The deteriorating trade picture will be a major obstacle to the recovery of the European economy...



The eurozone economy in 2025 could see growth lower than recently expected, and this revised outlook is still optimistic if exporting businesses in the region have to face higher tariffs in the U.S. market - according to new forecasts from the European Union (EU).

The forecast suggests that the economy of the 20 countries using the euro will only achieve a growth of 1.3% next year, lower than the previous forecast of 1.4%. The European Commission's (EC) autumn economic report, the EU's executive body, also noted that the eurozone will achieve a GDP growth rate of 0.8% this year, unchanged from the previous forecast.



All major economies in the eurozone are expected to maintain stable growth rates in 2025, even though France is facing many political and fiscal challenges, while Germany's economy may decline this year. Spain is forecasted to outperform, with growth potentially reaching 3% this year and 2.3% in 2025.

However, the worsening trade picture will be a major obstacle to the recovery of the European economy - according to the EC. The protectionist trend of the U.S. during President Donald Trump's second term will be 'extremely harmful' to the economies on both sides of the Atlantic, EU Economic Commissioner Paolo Gentiloni stated on Friday. He said Brussels will work with the new government in Washington, but is also ready to defend itself in any trade war.



Extreme weather due to climate change is also a threat to the European economy - according to the EC. The agency referred to the severe flooding that resulted in hundreds of deaths in coastal areas of Spain recently. 'Damage to infrastructure in the affected areas also leads to broader impacts on production networks beyond borders. Additionally, disruptions to economic activities could increase inflationary pressures, especially food prices,' the report stated.

In recent years, inflation has been a major concern for European policymakers. The EC forecasts that the average inflation rate of the eurozone will be 2.4% in 2024 and 2.1% in 2025, compared to previous forecasts of 2.5% and 2.1% respectively. These forecast figures are close to the 2% inflation target set by the European Central Bank (ECB), but have not yet truly achieved that target.

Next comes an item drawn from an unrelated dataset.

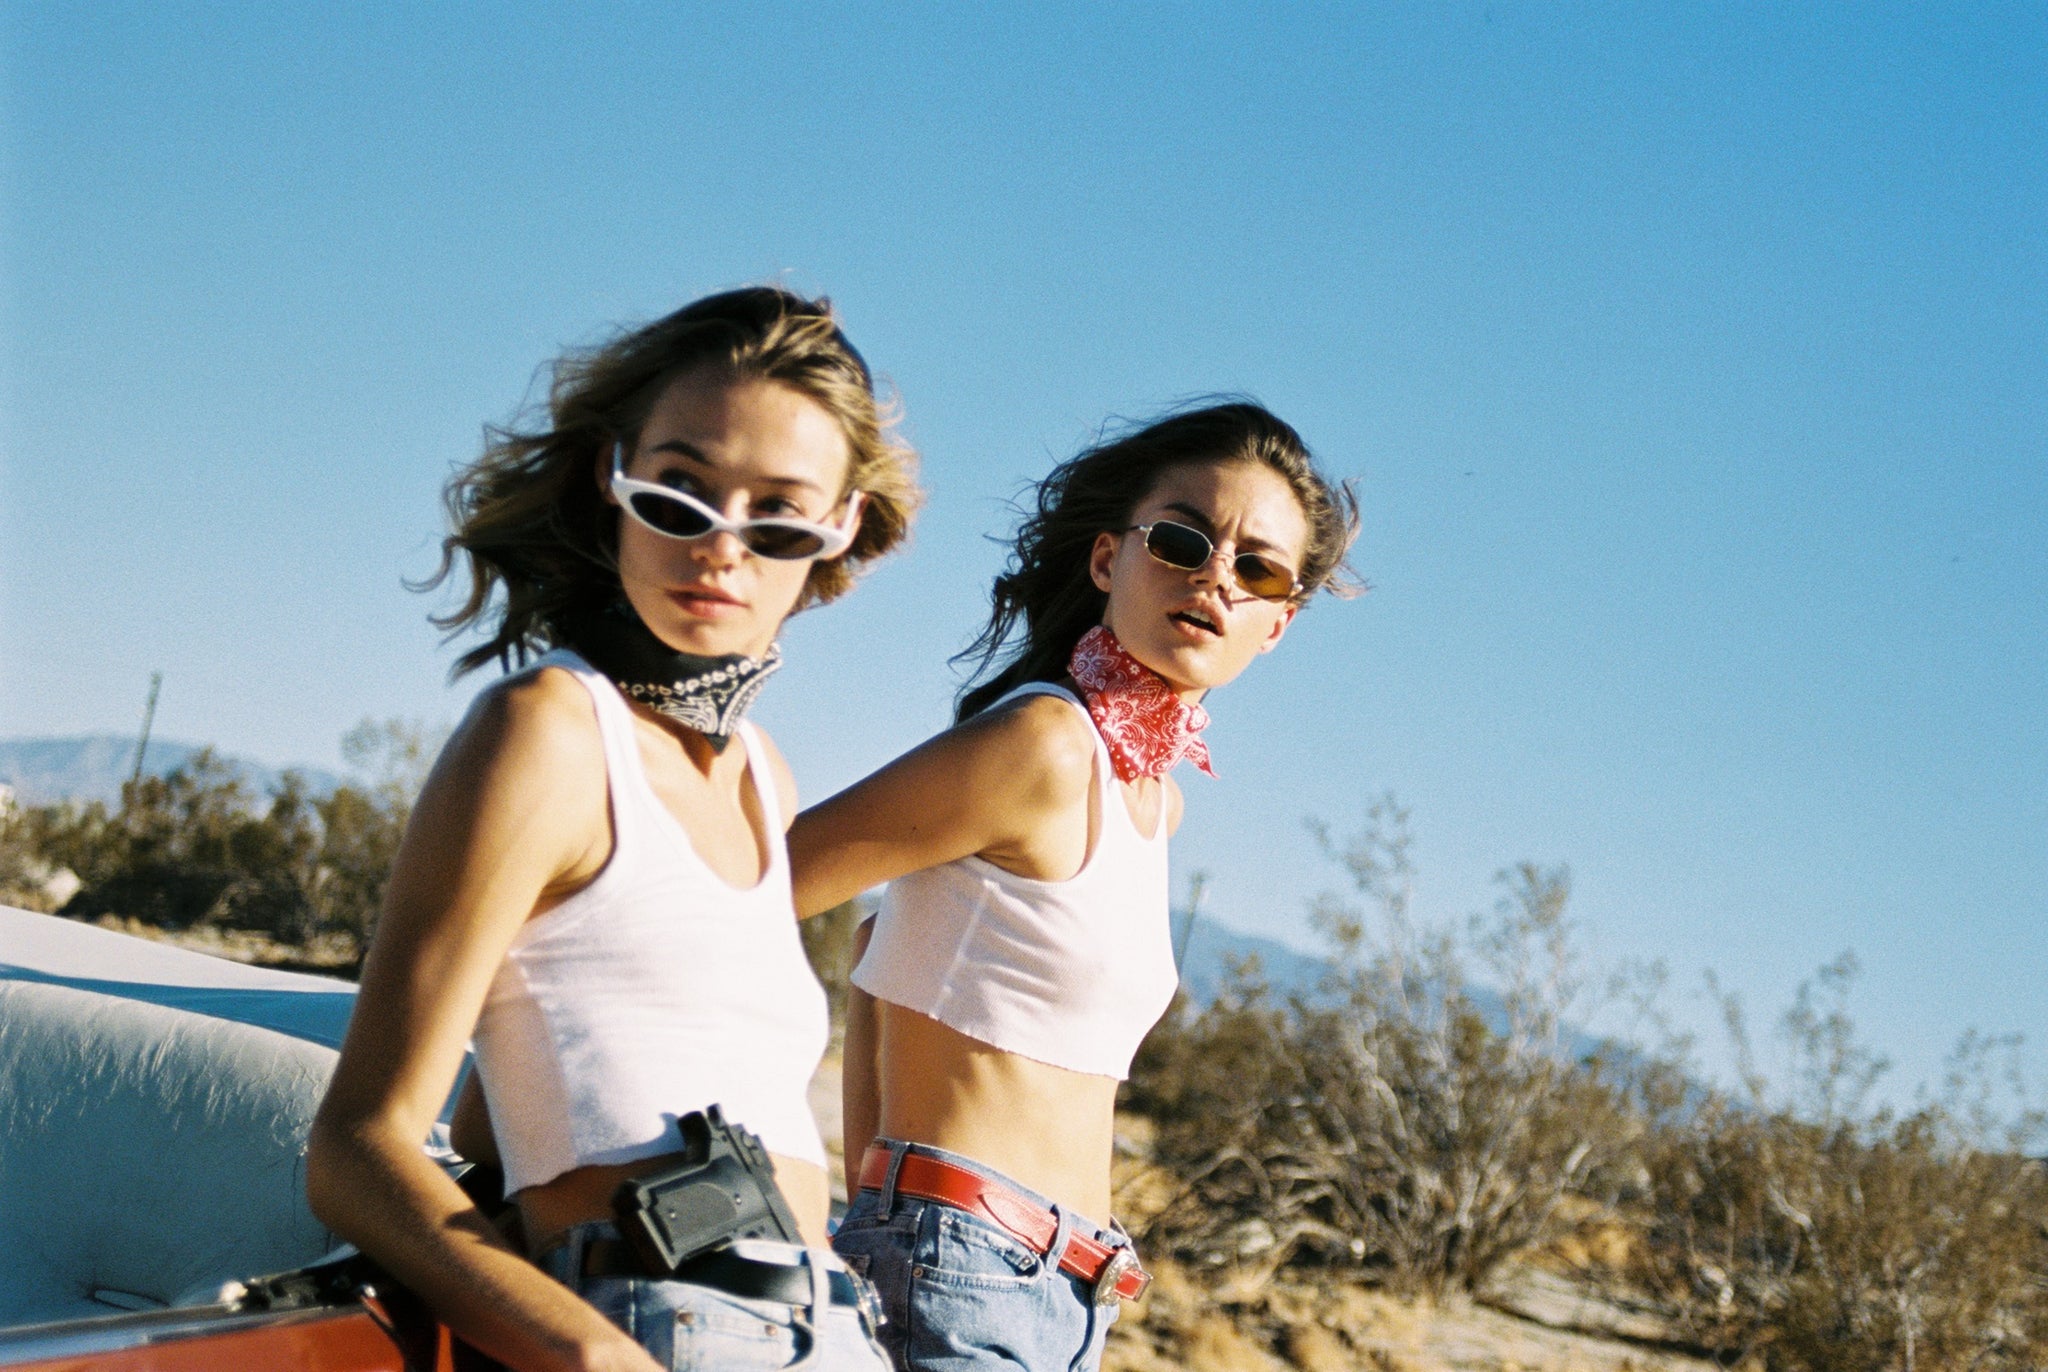 Thelma & Louise - Another Filthy Magazine - Photo 8

Lower economic growth means lower budget revenue, causing additional stress on the budgets of EU member states. The EC stated that high budget deficits and increased public debt interest will cause the ratio of public debt to GDP to continue to rise.

The EC warns that the new French government faces a tough battle to reduce the budget deficit, which is currently much higher than the limits set by the EU. The EC predicts that France's budget deficit will decrease to 5.3% of GDP next year from 6.4% this year, but may slightly rise again in 2026 when some temporary tax measures expire. The EC also forecasts that France's government debt will increase significantly in the coming years.



The bleak outlook for growth and inflation could pave the way for the ECB to continue lowering interest rates, although at a gradual pace. This is the first economic forecast from the EC since May, and currently, the ECB has begun a cycle of rate cuts, reducing the deposit rate from 4% to 3.25% - the rate that had been maintained since September last year until the first cut in July this year. The ECB has signaled that it will continue to cut rates to alleviate some burdens on investment and other economic activities.


The President of the German Central Bank (Bundesbank) Joachim Nagel warned last week that if implemented, Trump's tariff plan could cause Germany to lose about 1% of GDP. The effects of these tariffs could be particularly felt across the entire industrial sector of the euro area, with smaller suppliers likely to suffer the most.

According to forecasts from insurance company Allianz, Germany's export volume worth nearly 25 billion euros will be at risk in the event of a full-scale trade war between the U.S. and Europe next year. Additionally, exports from France and Italy will also be heavily affected.

However, economists are still divided on the potential impacts of the tariff plan proposed by Trump. Some even argue that a stronger USD could overshadow the negative impacts of tariffs, thereby boosting U.S. demand for European goods.